Character Requested: Solar

Facts:
1. Solar is far into being 13, he's close to being 14 so already his emotions are starting to heighten because of it. But considering how no one seems to age in Sonic's world, Solar will always remain 13 of course.
2. Since Solar was born as a fire elemental, his preferred element to use is fire and it's the element he is most skilled with. Also side note: His shield symbol and arms are all skin because that's how fire woodland elemental are born, with their arms not having any fur and there symbol being a part of their skin. Other symbols for other elements are usually just markings like stripes and such. However if a woodland elemental who isn't born as a fire elemental learns the fire element then it is just a marking on their fur like the other markings. (lol sorry that be very convoluted but I'm honestly wanting to make the elements my characters are born in affect their appearance.)
3. Solar still maintains a sort of youthful and child-like curiosity even after what happened to him, with him being far into 13, he still keeps some of his personality and attitude he had when he was 12. Although of course he is still mature for his age.

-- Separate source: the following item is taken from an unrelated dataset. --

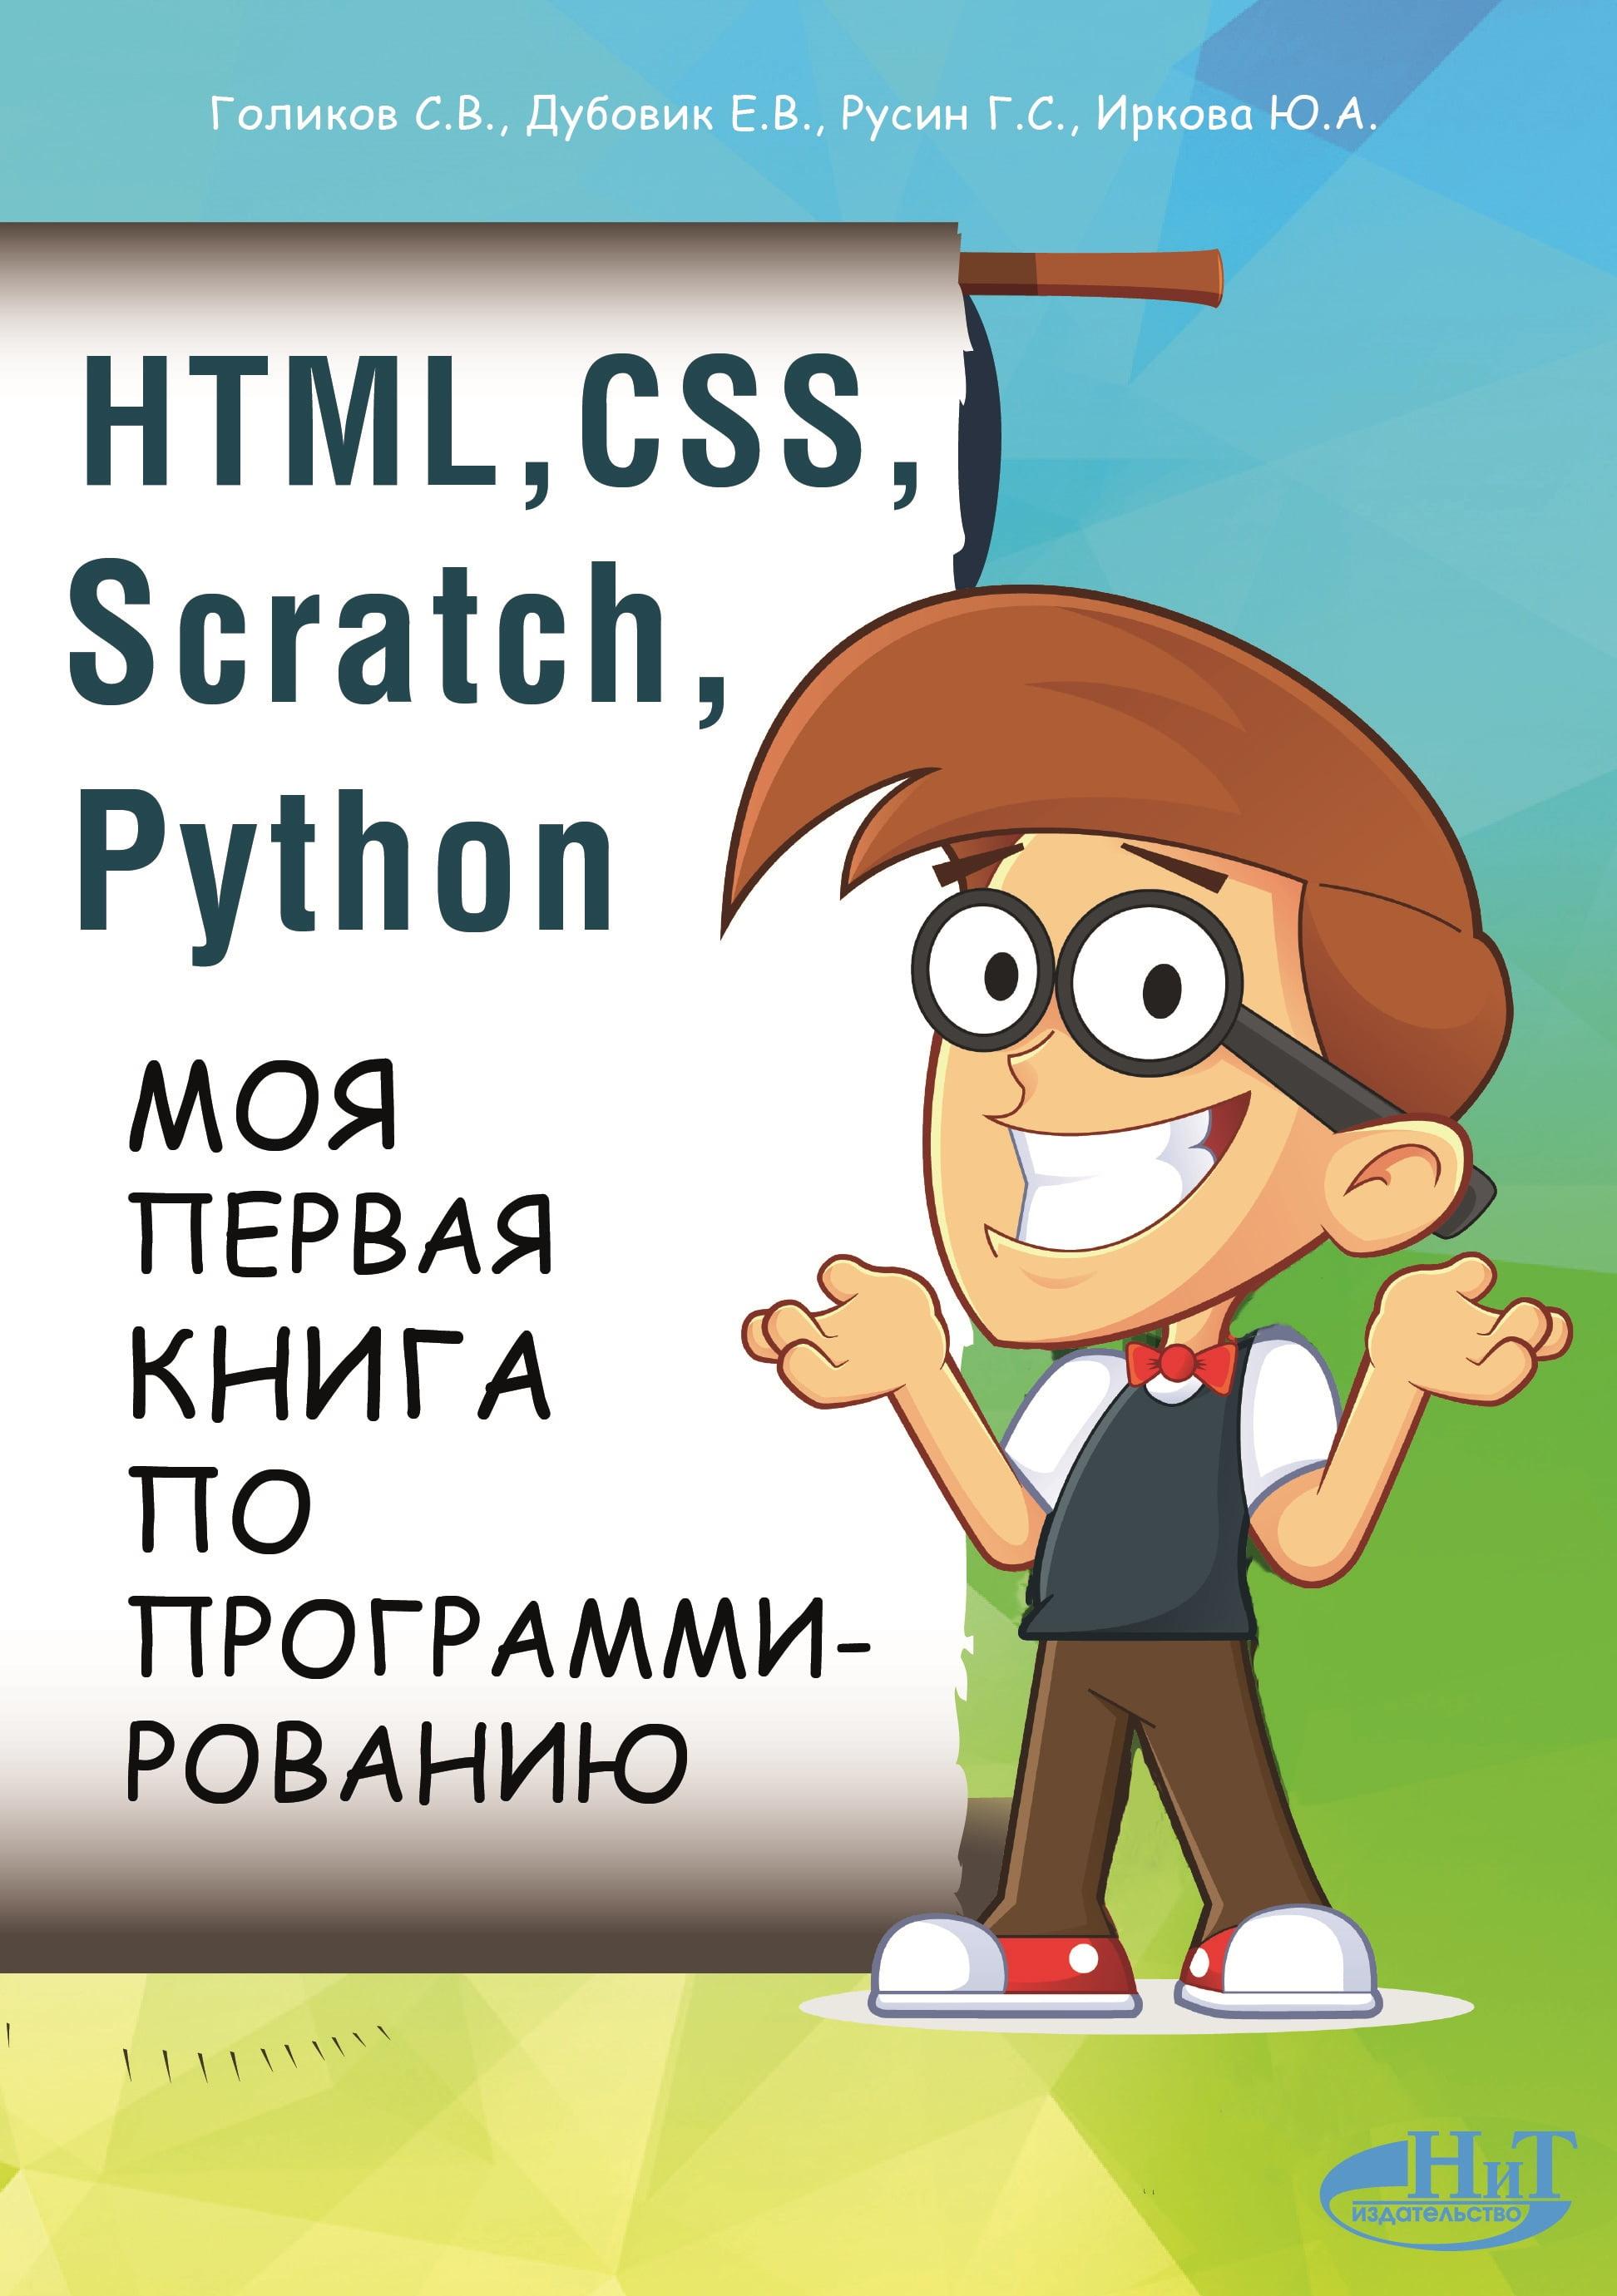 HTML%2C+CSS%2C+Scratch%2C+Python.+%D0%9C%D0%BE%D1%8F+%D0%BF%D0%B5%D1%80%D0%B2%D0%B0%D1%8F+%D0%BA%D0%BD%D0%B8%D0%B3%D0%B0 - фото 1
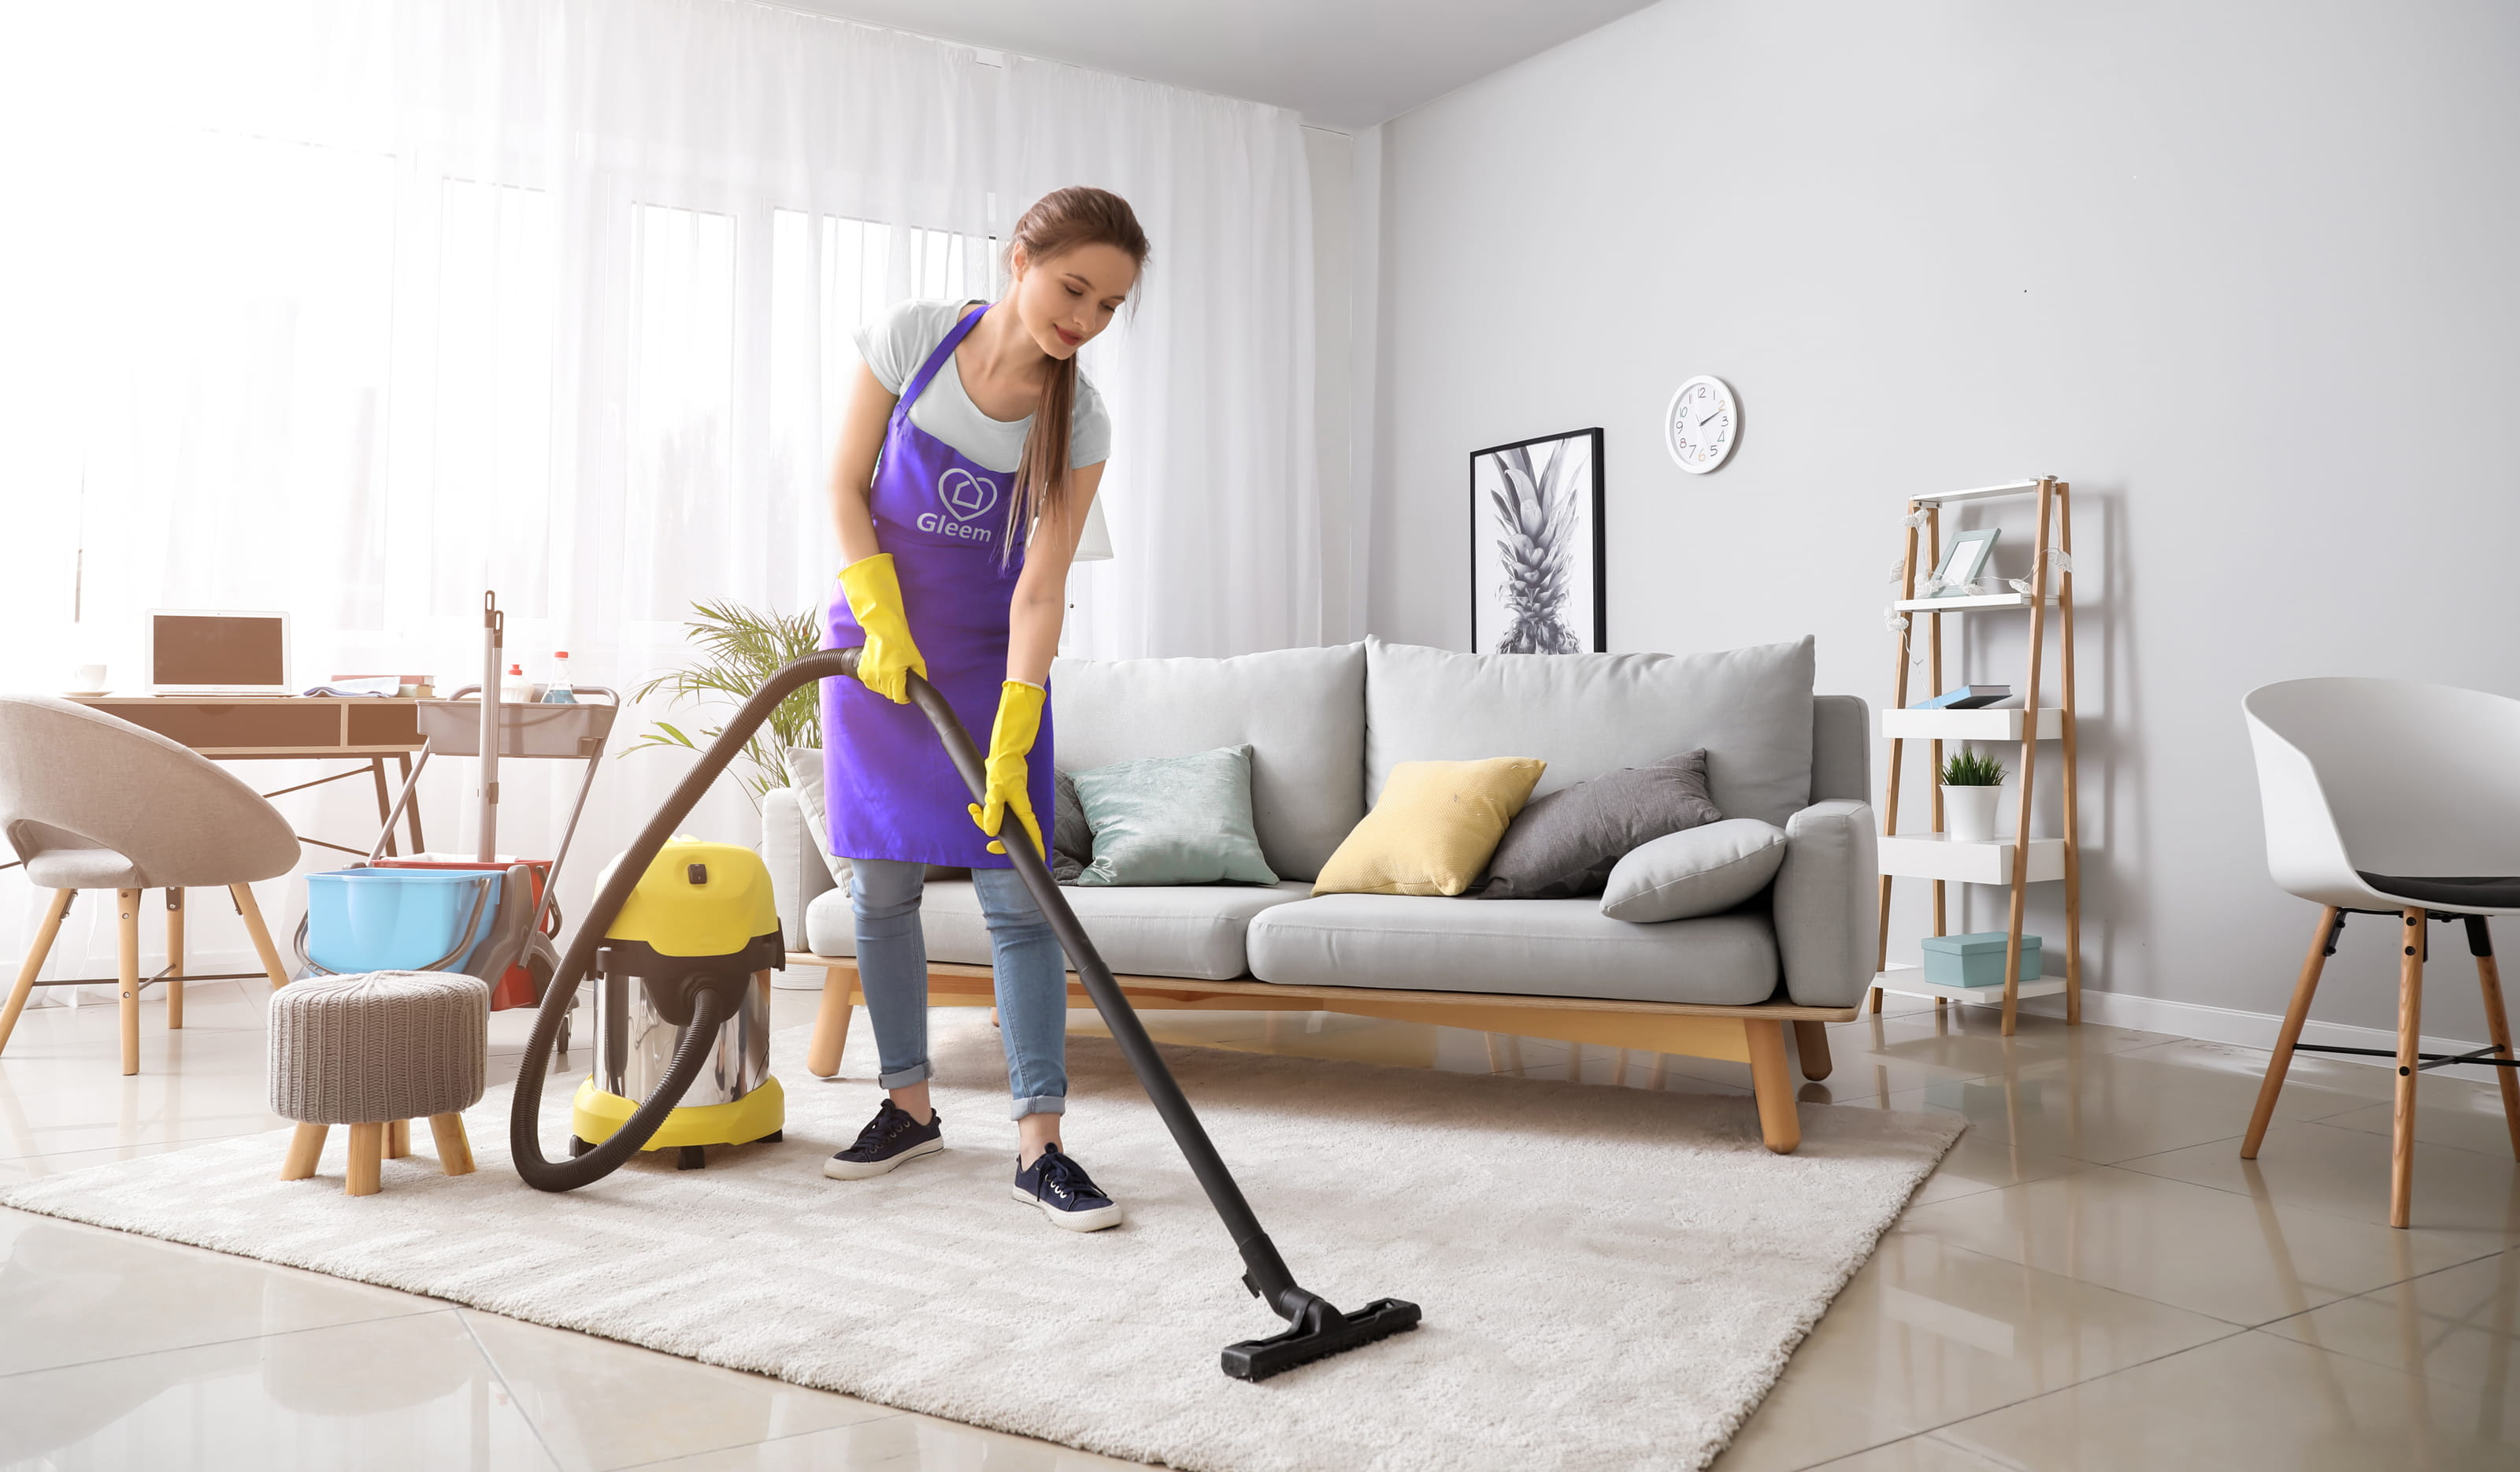 Gleem Home / House Cleaning staff member vacuums the floor carpet.

4. If I gave Solar a theme song it would be this.   [link]      I think it fits best with the grand scheme of his character that I have for him along with the fact I'm thinking of making my characters have instrumental only themes.
5. Even with Solar's young age, he's very experienced with combat and taking physical pain. Reason for this is society on his planet was very different to where Elementals could become warriors if they wanted to at the age of 7. Solar chose to to get in the scene of combat around that age because of being inspired by his brother. However when the unfortunate incident happened to where he became the 2nd legendary elemental at the age of 8, he had no choice but to keep fighting on and going on dangerous journeys.
6. Solar's weakness to Chaos Energy comes from his energy wavelength being very different because of how his planet was, this also means all Elementals are weak to chaos energy and the energy is able to neutralize Elemental energy provided from the elemental crystals.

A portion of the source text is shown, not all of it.